Rokui, et al.           Expires 4 September 2025               [Page 40]

Internet-Draft             AINetOps Use Cases                 March 2025


                           |------------|
                           |  H-Agent   |
                           |------------|
                     (A)      |     |    (A)
               +--------------+     +----------------+
               |                                     |
               V                                     V
         |------------|                       |------------|
         |  Agent #1  |                       |  Agent #N  |
         |------------|                       |------------|
               |   |                           |  ^      |
               |   +------------------+    --- +  |      +--+
               v                      |    |      |         |
         |---------------|            v    V      |         V
         |   P-PNC(s),   |      |--------------|  |      |------------|
         |   O-PNC(s),   |      | Observability|  |  ... | Assurance  |
         |   MDSC        |      |              |  |      |            |
         |---------------|      |--------------|  |      |------------|
                 ^                                |
                 |                                v
       +---------|------------------------------------------------+
       |                                                          |
       |                      IP/Optical Network                  |
       |                                                          |
       +----------------------------------------------------------+

     Legend:
     (A) H-Agent to Agent communication

              Figure 9: Multi-agent hierarchical architecture

   More to be added.

6.16.  Network Traffic Management

   Flow placement, traffic engineering/steering along with network
   resource defragmentation are among important aspects of network
   operations that can benefit from artificial intelligence.

   Network routing protocols automate flow placement for best-effort
   traffic.  Traffic engineering and steering are commonly based on
   statistical analysis and historical trends of network traffic.  They
   are mostly implemented via configurations and tunnel setups, often
   employing scripts for automation purposes.







Rokui, et al.           Expires 4 September 2025               [Page 41]
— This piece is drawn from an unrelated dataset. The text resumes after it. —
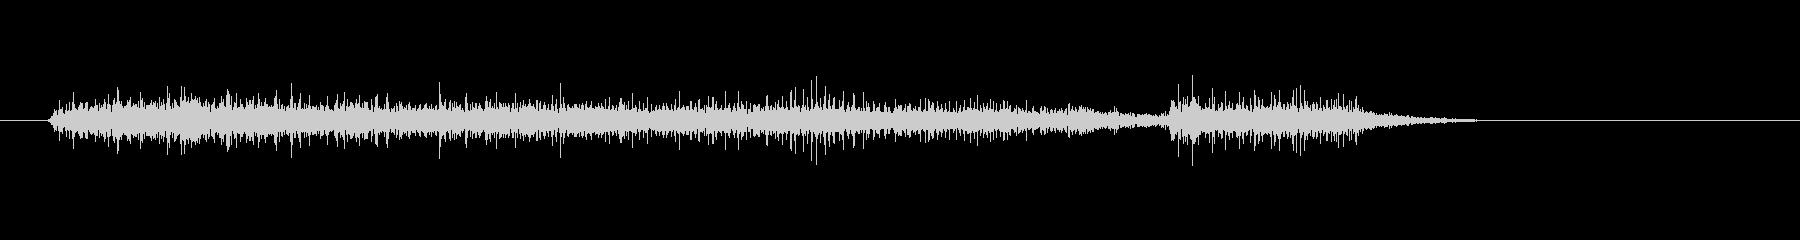 もう限界な感じのリアルなオナラの音の未再生の波形

Internet-Draft             AINetOps Use Cases                 March 2025


   While there are some proactive approach to network resource
   defragmentation, reactive methods are still quite common.  There are
   short-term approaches and longer-term views on employing AI to
   address traffic management.

6.16.1.  Short term approaches

   In the short-term, AI models train on operator's network traffic
   patterns and employ a set of APIs to connect to network configuration
   equipment in order to add, remove, and modify configurations and
   perform different traffic management related tasks.  Model training
   can be either off-line or on-line.

   Initially, AI models perform their inference tasks exclusively based
   on their training on historical network traffic patterns, and
   topology changes in a centralized manner.  In more advanced
   approaches, the models not only train on network traffic patterns,
   and network topology changes, but also learn how to interpret and
   digest external events.  This added capability allows the AI models
   to be more effective in performing their traffic management tasks.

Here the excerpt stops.